■ YOUR OBJECTIVE ■
Restate the data word for word and leave the images out.

■ DATA EXCERPT ■
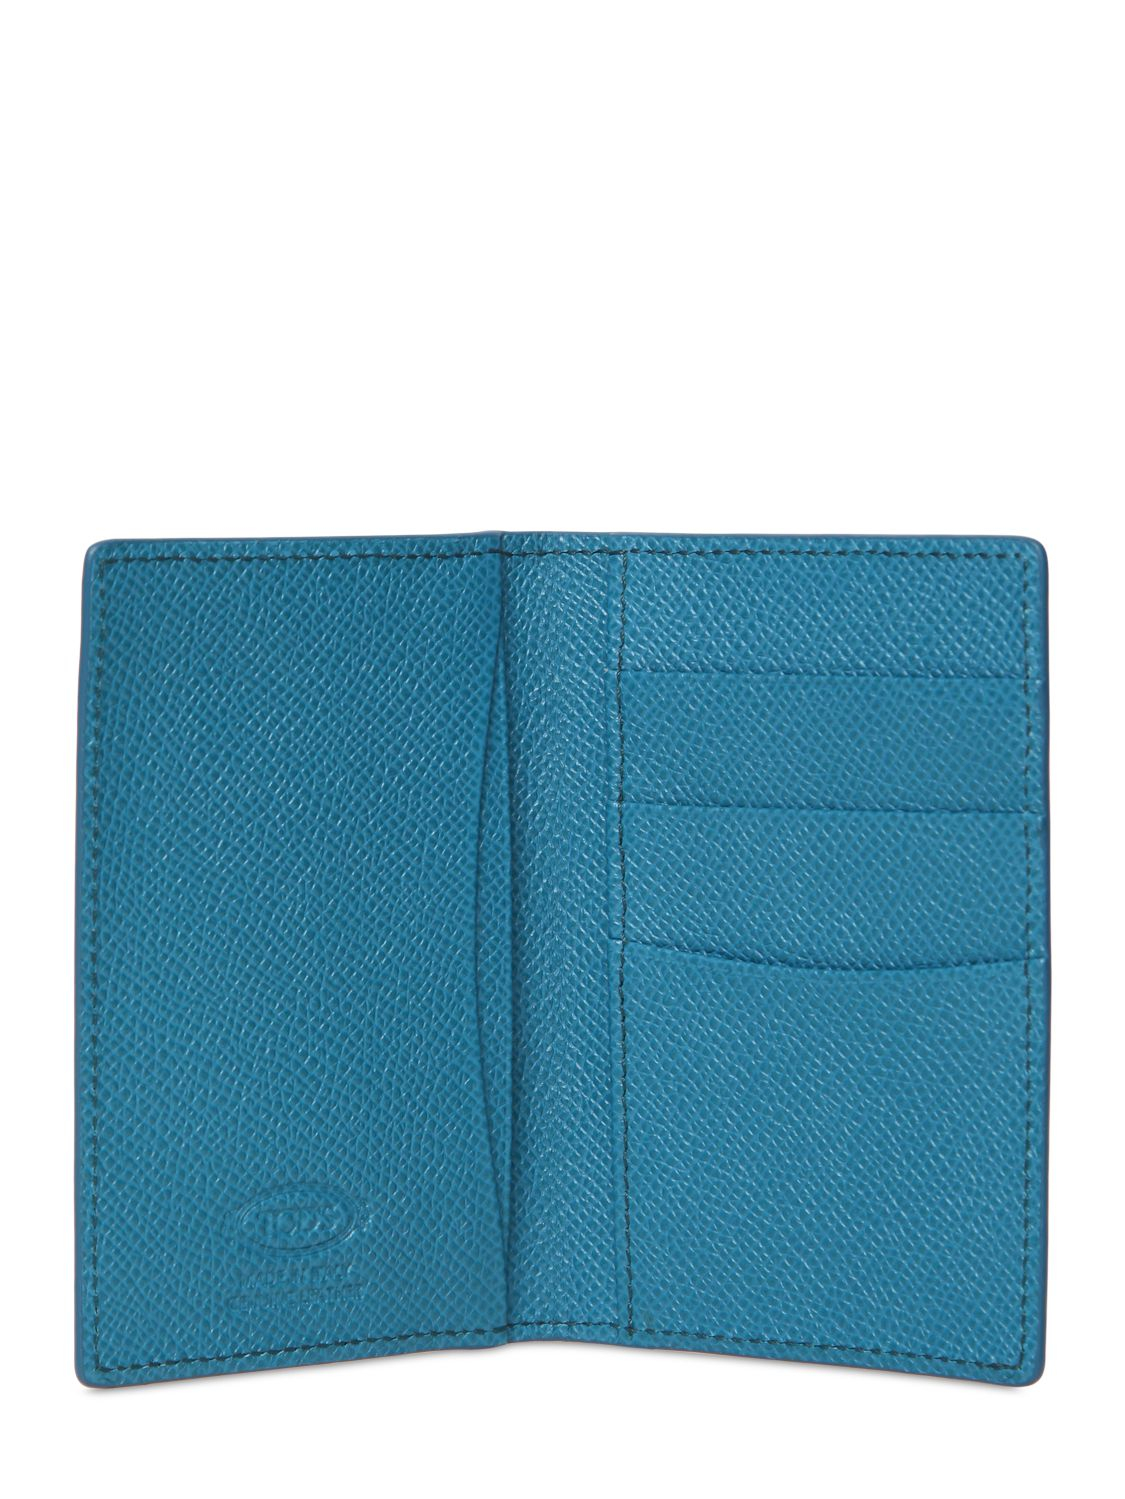 Name:  tods-blue-vertical-grained-leather-card-holder-product-1-16410734-2-403725095-normal.jpeg
Views: 743
Size:  631.9 KB
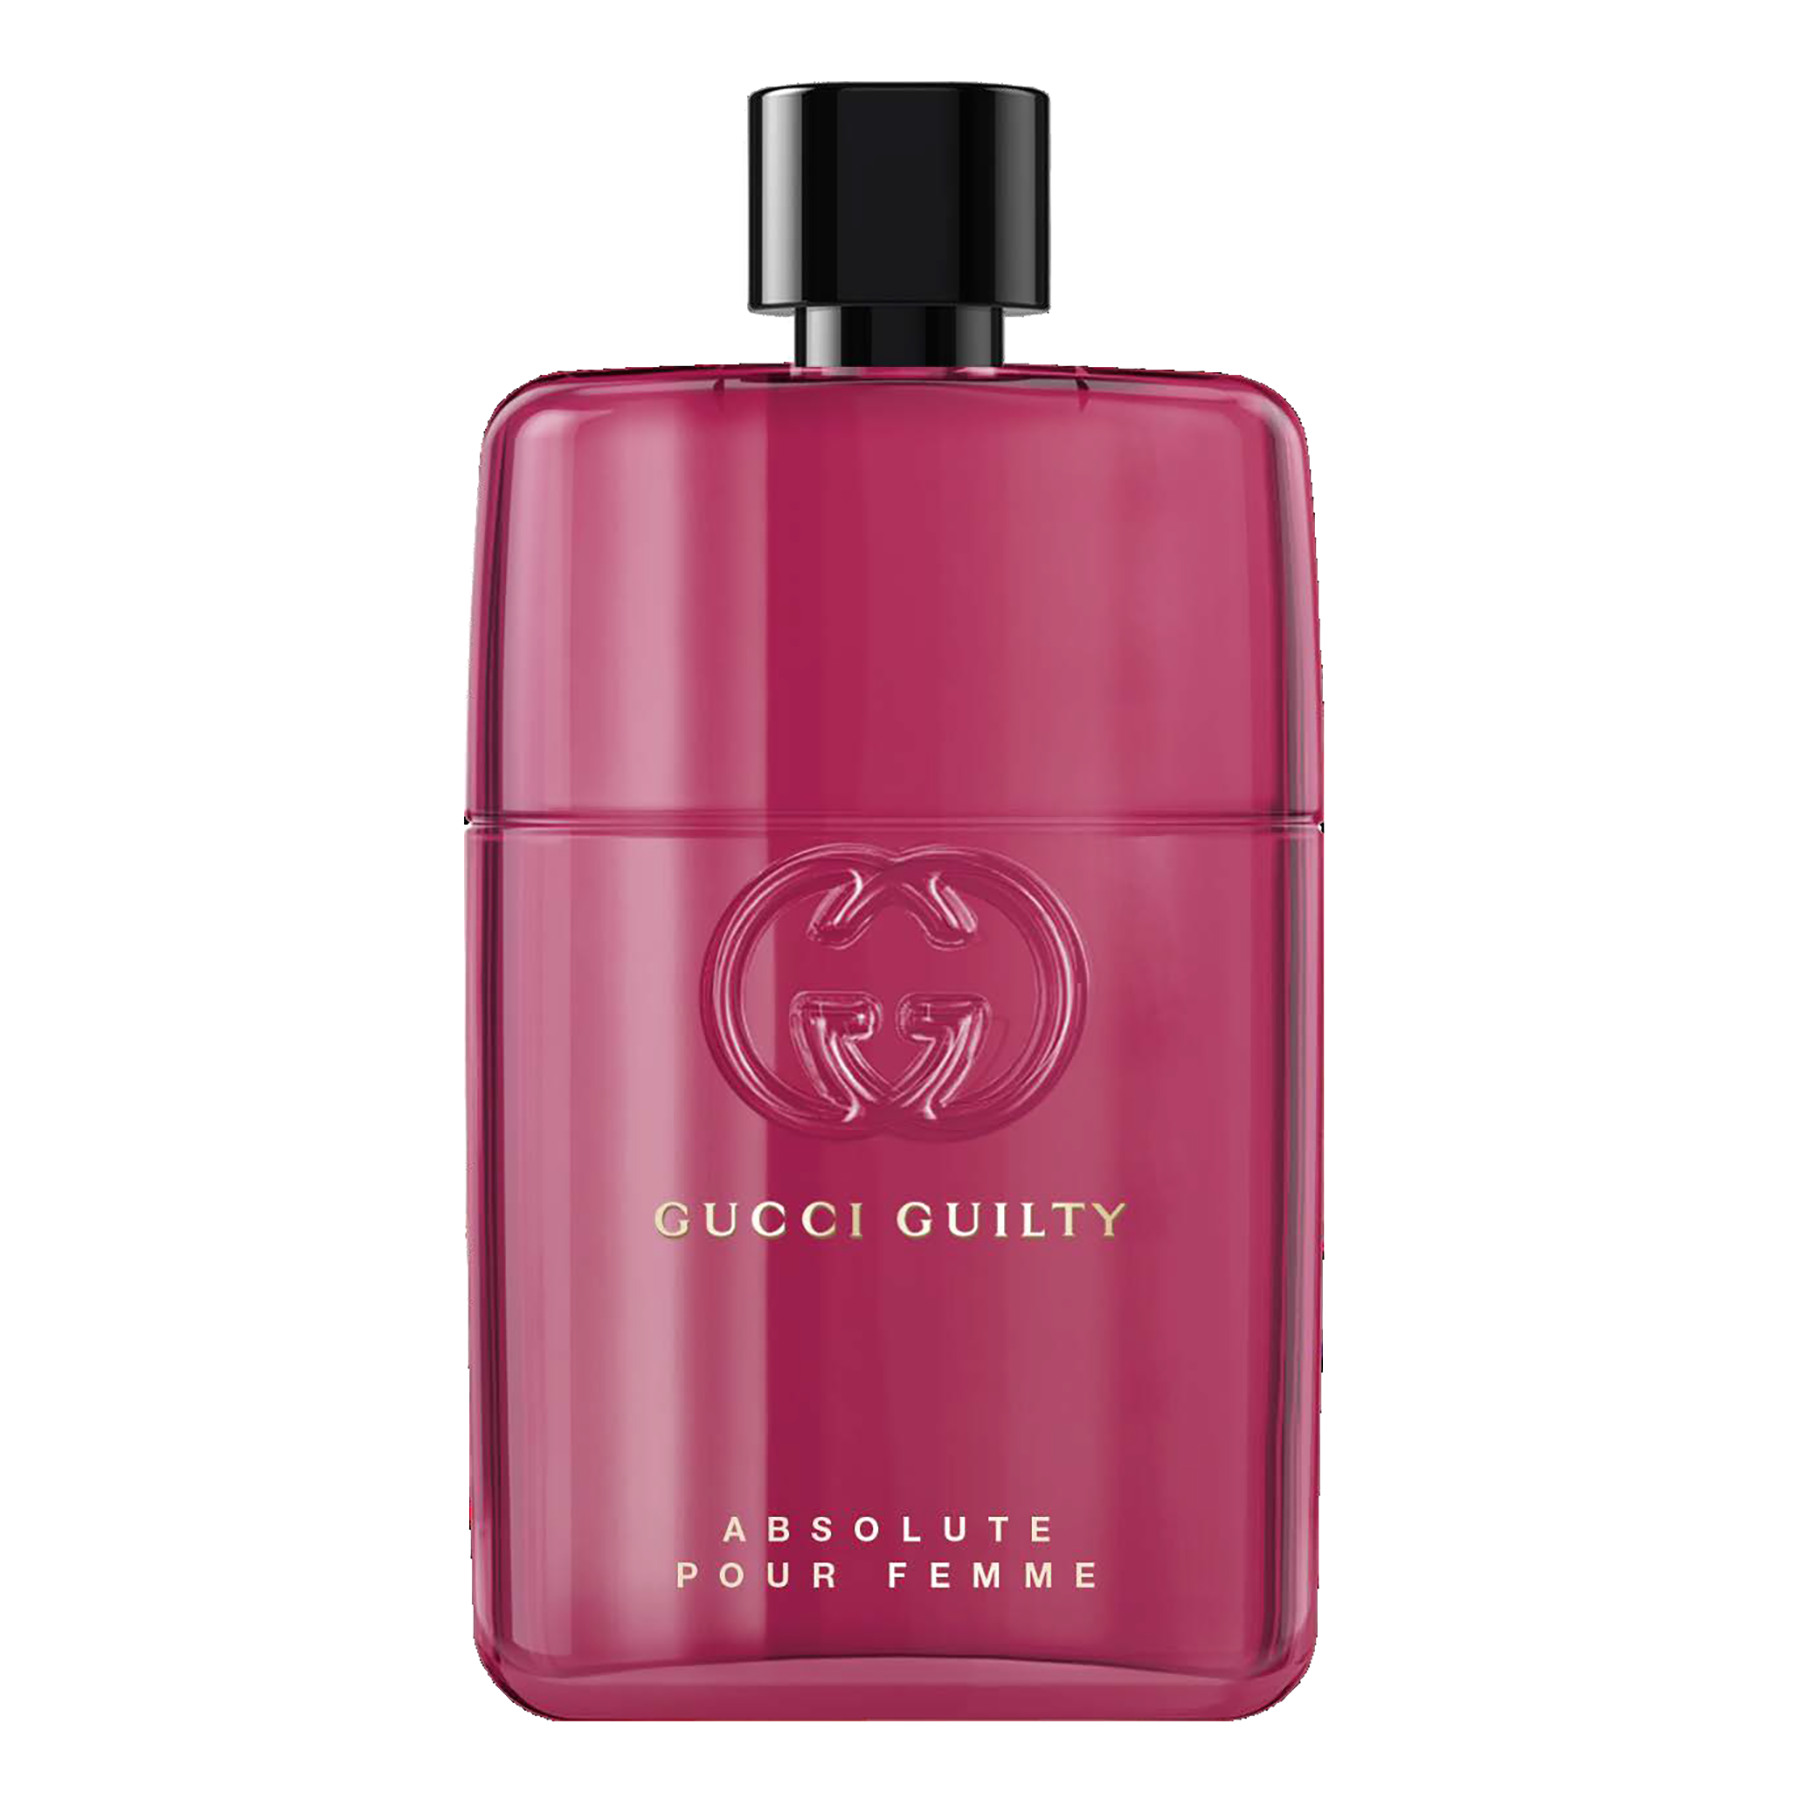 Gucci guilty absolute pour. Gucci guilty absolute pour femme. Gucci guilty absolute pour femme EDP 50ml. Gucci guilty absolute pour femme 90. Gucci guilty absolute pour femme,90 мл.

■ SOLUTION FOR THIS PROBLEM ■
 Name:  tods-blue-vertical-grained-leather-card-holder-product-1-16410734-2-403725095-normal.jpeg
Views: 743
Size:  631.9 KB
 Gucci guilty absolute pour. Gucci guilty absolute pour femme. Gucci guilty absolute pour femme EDP 50ml. Gucci guilty absolute pour femme 90. Gucci guilty absolute pour femme,90 мл.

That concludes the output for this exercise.